Forty-seven years ago, I was an excited 18-year-old senior at Nathan Hale High School.
The big news was that I was about to graduate and earn my high school diploma. That set the stage for my entrance into Tulsa Junior College (now Tulsa Community College) in the fall and a year later a transfer to The University of Oklahoma. I almost transferred to Oklahoma State University but a recruiting official from OU convinced me that OU was a better choice for my chosen field – journalism.
In May of 1972, I had a real bad case of “senioritis.” Senioritis is when a senior high school student does not want to go to class, does not want to study but does want to have fun.
That fun included the high school prom. For Hale seniors that year, the prom was at the Camelot Hotel. The Camelot was a regal building on Peoria Avenue (the “Restless Ribbon”) just north of I-44. That’s where President Nixon stayed when he came to town.
A few years ago, it was torn down to make way for a new Quik-Trip. (I guess Tulsa doesn’t have enough Quik-Trips?) The Camelot had a big meeting hall and it was quite an elegant prom.
Back then, all the guys rented tuxedos for the prom. I went to Al’s Tuxedos at 41st Street and Yale Avenue to rent my tux. I think it cost $20.
It was light blue with dark blue lapels and black tuxedo slacks. It came with a cummerbund, a vest, a white shirt, a bow tie and black patent leather shoes.
I looked good. I looked like a guitarist for the late Johnny Cash.
Back then, you had to have a date for the prom. Going stag was just not acceptable. And guys had to take girls – guys couldn’t date guys and vice versa. If two guys had come as each other’s date back then, they would have been dragged out and who knows what would have happened to them. Oh, there were some guys who were “light in the loafers” in our class of 850-plus but they had the decency back then to keep their sexual problems secret.
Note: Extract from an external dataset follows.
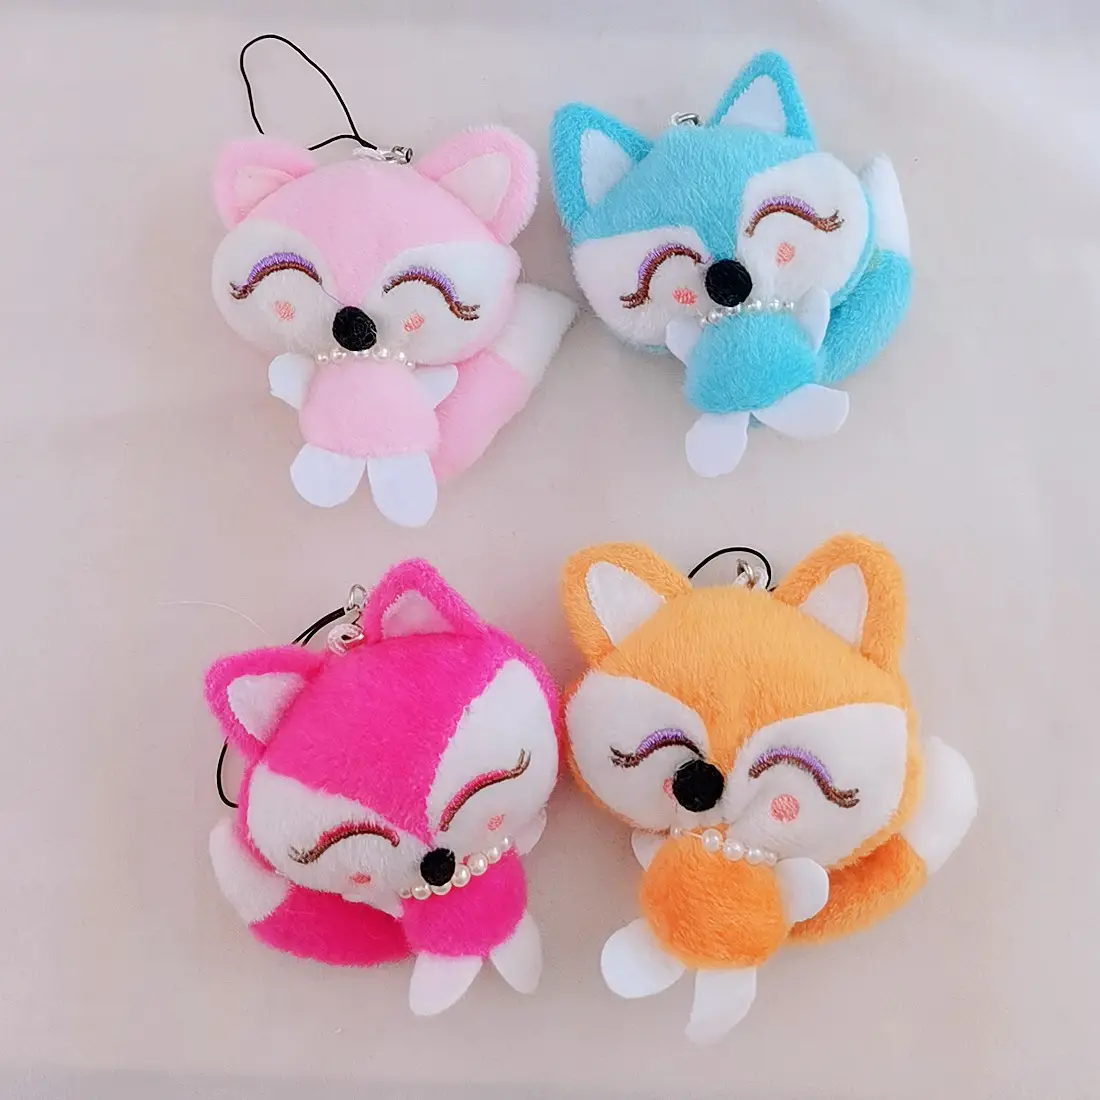 Cartoon Plush Cute Foxes Keychain Gifts Backpacks Charm Bag Totes Pendant Stuffed Toy Animals
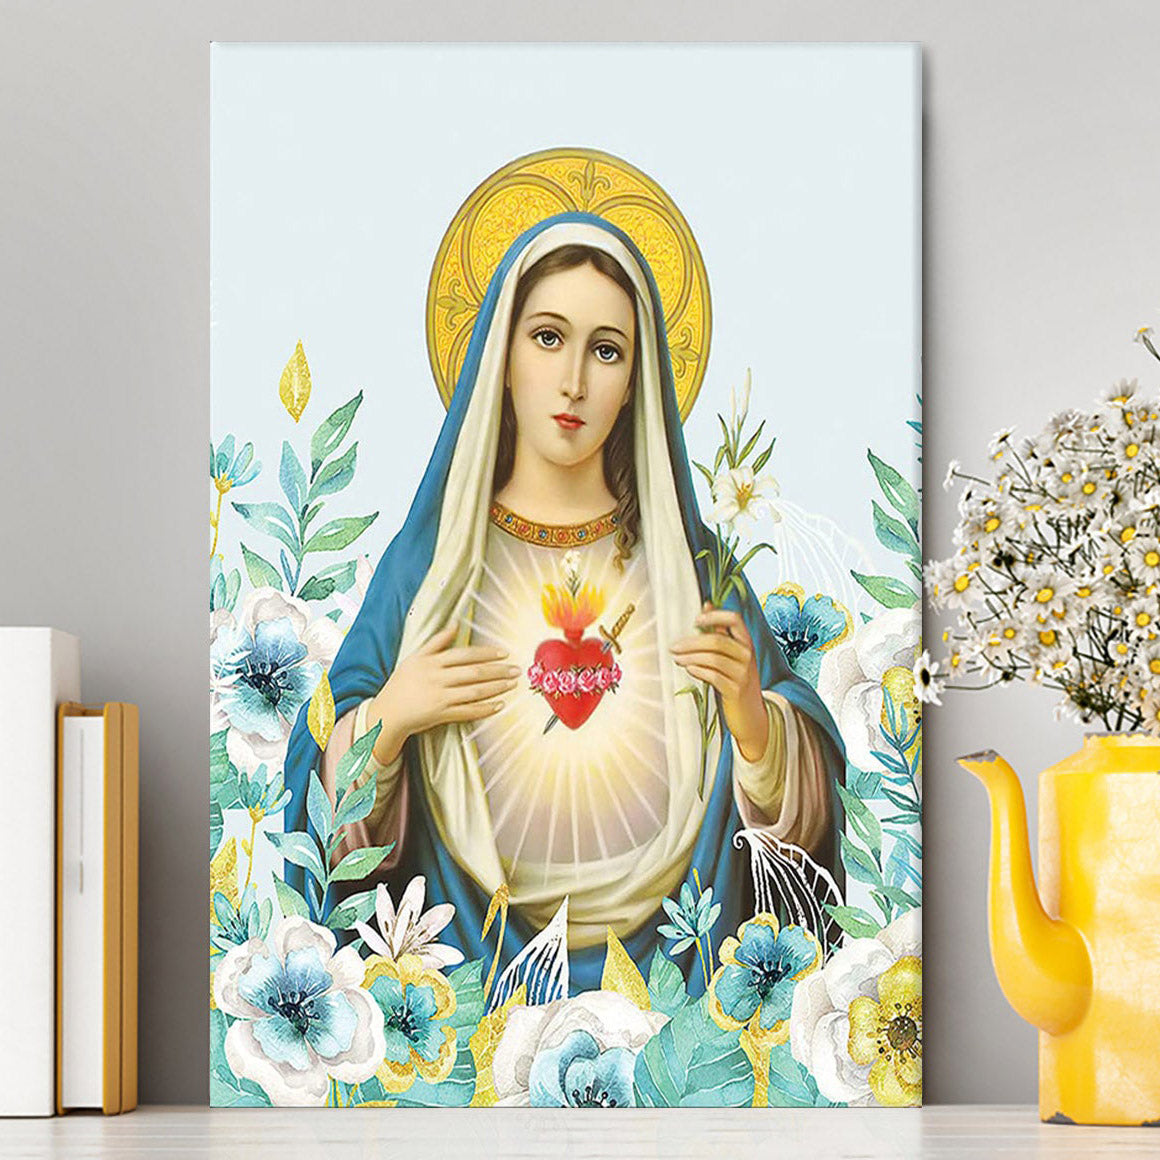 Virgin Mary Picture - Mary Mother Of God Canvas Wall Art - Christian Canvas Wall Art Decor

I wasn’t dating anyone back in high school because I was too chicken to ask anyone out and I was too cheap to spring for dinner and a movie – the standard date activities in 1972.
But I was determined to get a date for the prom.
I asked a really cute girl who was a friend but she said no. Basically, she said she was waiting for a better offer from someone more popular. If you asked her about this now, I am sure she would have forgotten that I even asked. I saw her at a recent class reunion and we spoke. I was hoping she had turned ugly and weighed 350 pounds but that wasn’t the case. She was still charming and petite.
I had been in school with Carla Sue Longmire since kindergarten at Burbank Elementary and then at Bell Junior High School. We were friends but there was no romantic attraction.
Through the grapevine, I heard she wasn’t dating anybody but she wanted to go to the prom. Bingo. I asked her to be my date and she said yes.
What a relief. For both of us.
Dressed in my rented tux, I picked her up at her house in a neighborhood near 4th Place and Memorial Drive. I had never met her parents before but they were nice. Her dad took several pictures of us (I still have one) and her mom kept giving me that look – the one that was sizing me up as a potential son-in-law.
Sue (she went by her middle name) was dressed in a pretty pink dress and she looked beautiful. We double-dated with her best friend and a friend of mine.
We had so much fun. We ate steak dinners at Shadow Mountain Steakhouse on the hill on Sheridan Road just up the road from 61st Street. Shadow Mountain Steakhouse is no longer there but they didn’t tear down the building. I guess we didn’t need a Quik-Trip on that hill. I think it’s some kind of sushi restaurant now.
We danced. I guess you could call it that. I don’t know how to dance and as I recall, every dance turned into the Twist because that was so easy to do and it was so popular back then.
We went to an after-prom party. We didn’t drink alcohol and we didn’t fool around – although some of our fellow classmates did both. We did stay out all night and ended the date with breakfast at Denny’s Restaurant on Yale Avenue near 51s Street.
I have never seen Sue again. I heard she got married and I hope she has had a good life. I haven’t seen her at any reunions.
It’s hard to recreate the excitement of being a recent graduate, of going to the prom and getting ready to go to college. Life has different stages and that’s OK.
I wouldn’t want to go back but it’s nice to have pleasant memories.